If I were to write a list of my ten favourite things, LastFM would probably be in it (the others being: lentil soup, Summer Roberts, Autumnal colours, Saturday night pizza night, Alan Shearer, Flickr, a milky cup of tea, the smell on hot days after it’s rained and in-ear headphones).
Having said that, its main premise, of suggesting music I’d like, really doesn’t work for me. I know it works for other people, so it must just be me. I think the problem may be that my music taste is too mainstream. I do like some stuff that would be considered cool with the indie kids, but I also like a bit of pop.
The typical LastFM user is going to be pretty tech savvy, which for some reason tends to coincide with people who like to listen to as new and as obscure music as possible. Why nerds don’t listen to old or mainstream music in itself would be an interesting sociological experiment.
Just look at a few total plays stats to prove my point. Britney Spears, played: 6,318,579 times. Modest Mouse, played: 23,671,229 times. I’m a big fan of both, but I know if you took a sample of the whole world’s music listening population, Modest Mouse would not be four times more popular than Britney. Death Cab for Cutie, played: 34,656,728, which is three times more than Madonna (12,293,959).

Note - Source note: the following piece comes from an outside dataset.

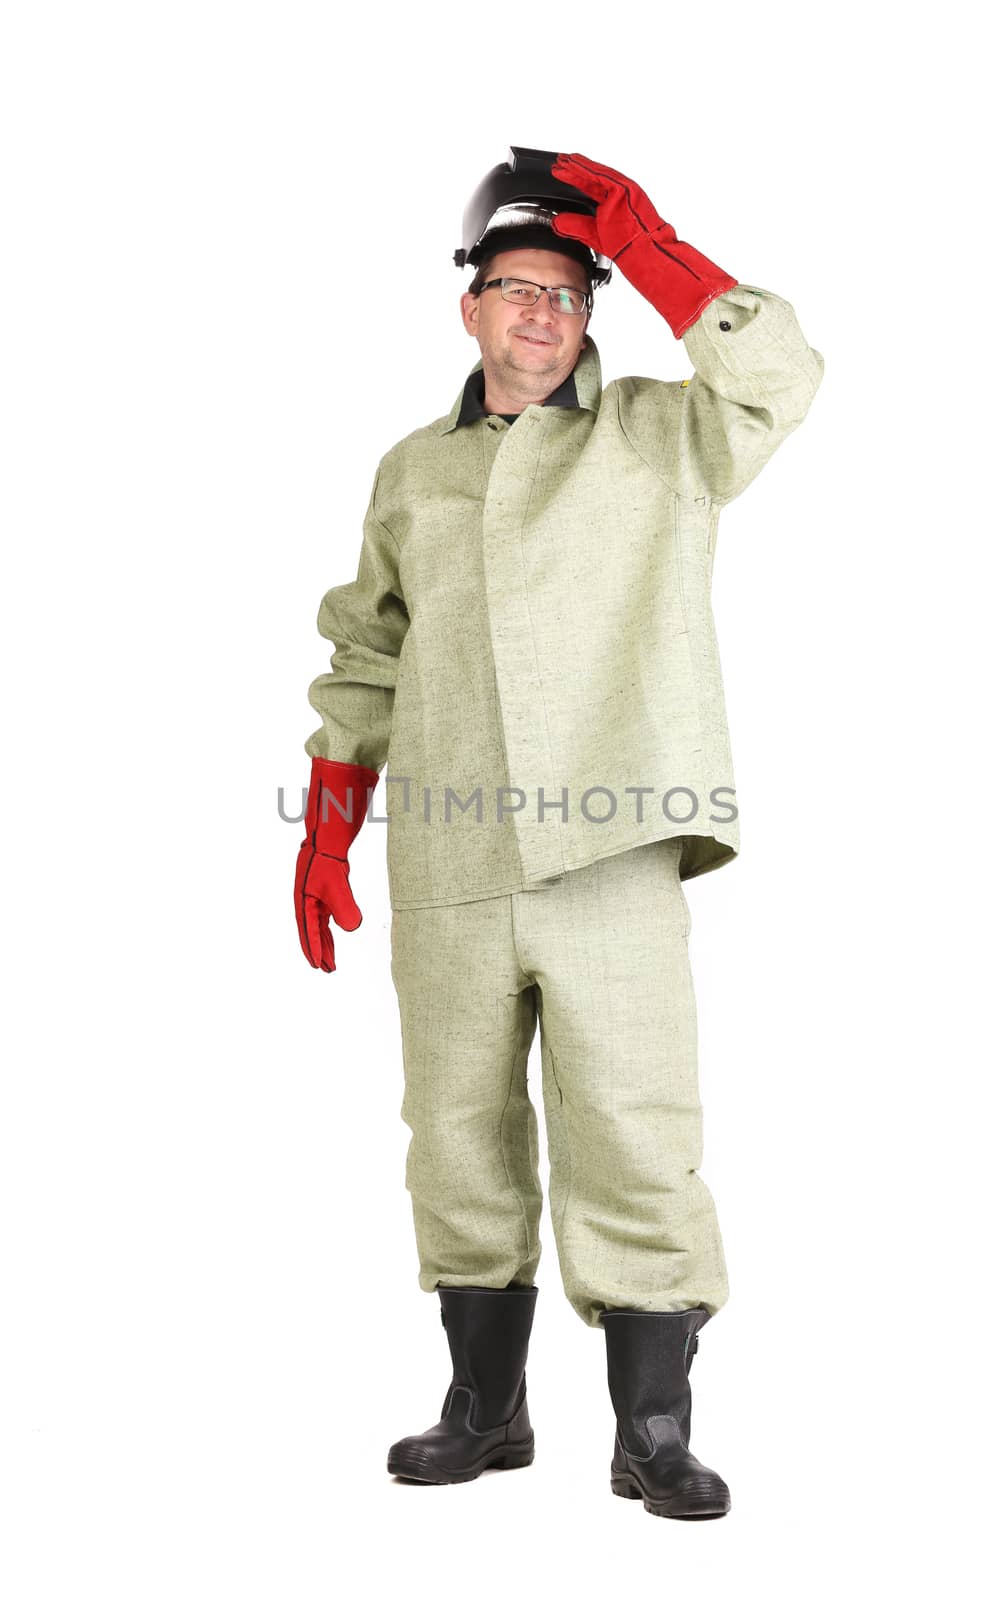 Smiling welder. Isolated on a white background.
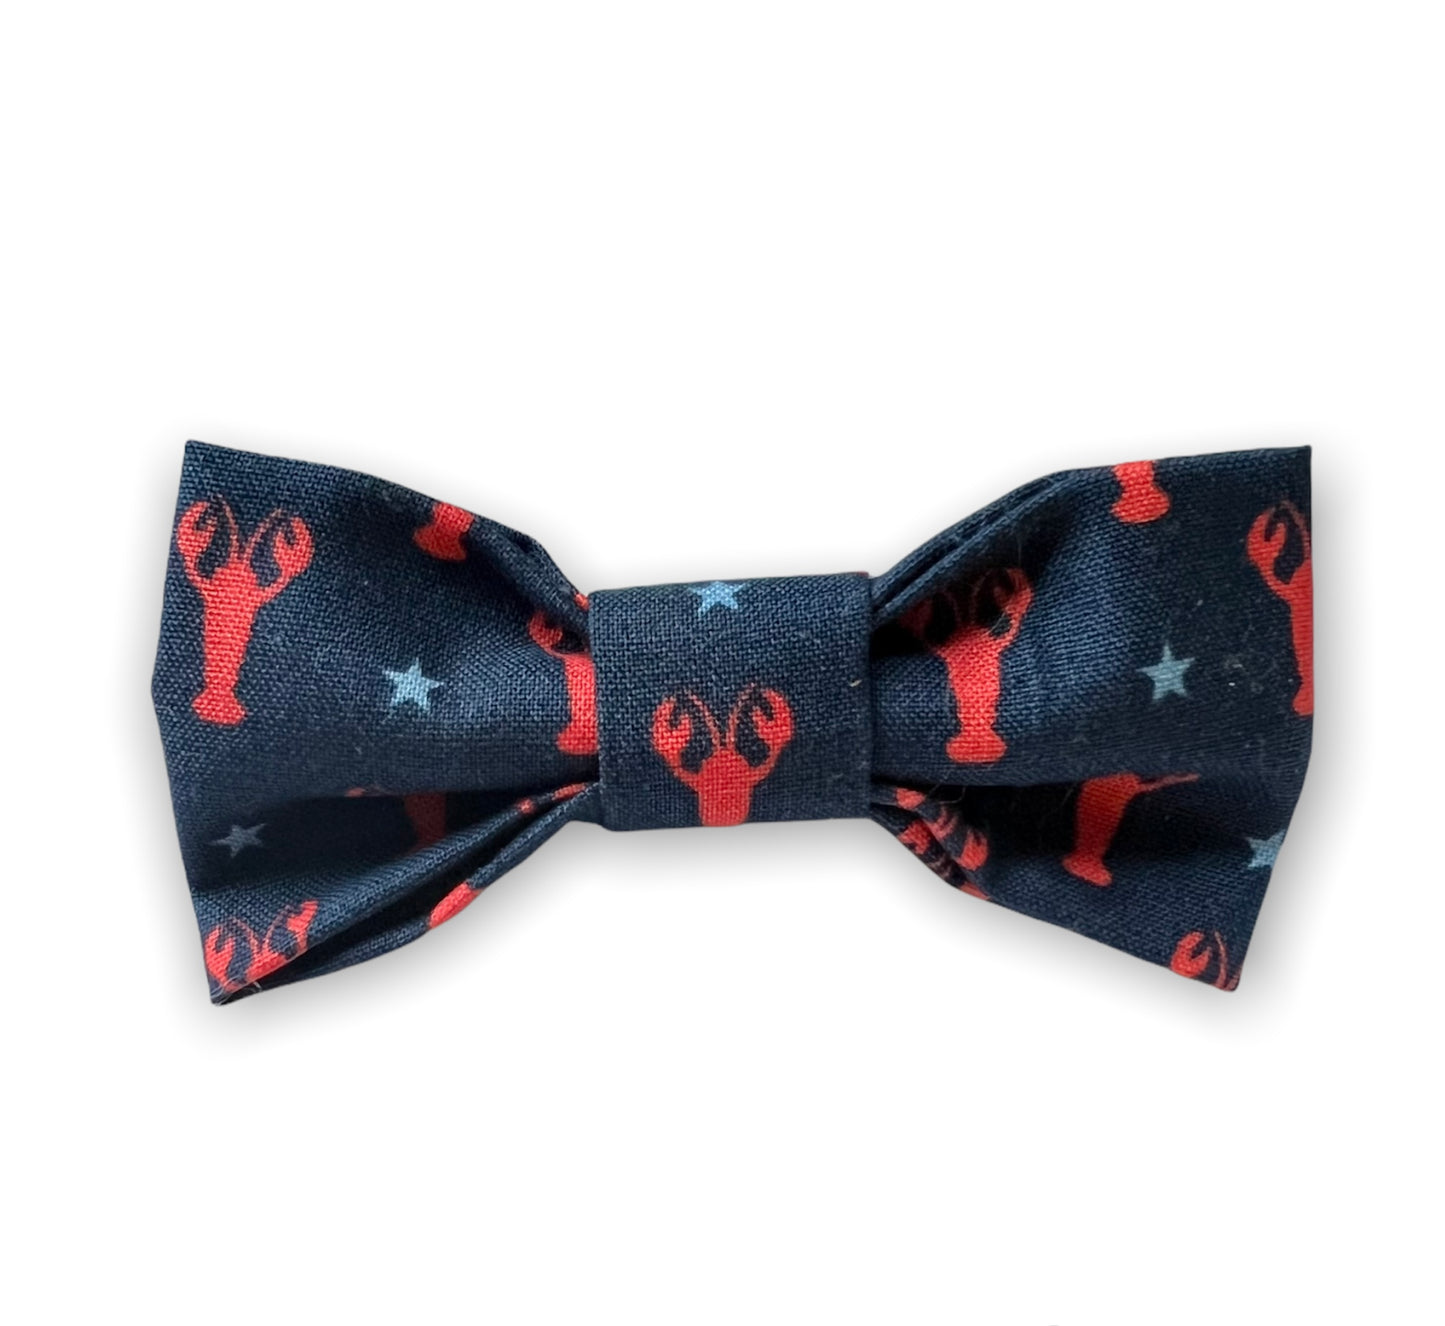 Lobster Fabric Hairbow | Children's Bow | Adult Bow | Collar Bow | Hair Accessory

I could spend the next 50 years of my life happily analysing the stats from LastFM. One more interesting thing I think I’ve found. If you go to the top tracks page they show the week’s most popular tracks. They display a normalised bar chart showing the number of listeners against the number of plays for each song (they have to normalise it as you’re always going to get more plays than listeners). Anyway, as a consequence of the normalisation, if the number of plays line is longer than the number of listeners line it tends to be a new track, where as an older track will have the number of listeners as the longest line. It makes sense, people tend to listen to a new track on repeat, so you get many plays per user. Just seems kind of neat that you can work out a track’s age by the proportion of unique listeners to total plays.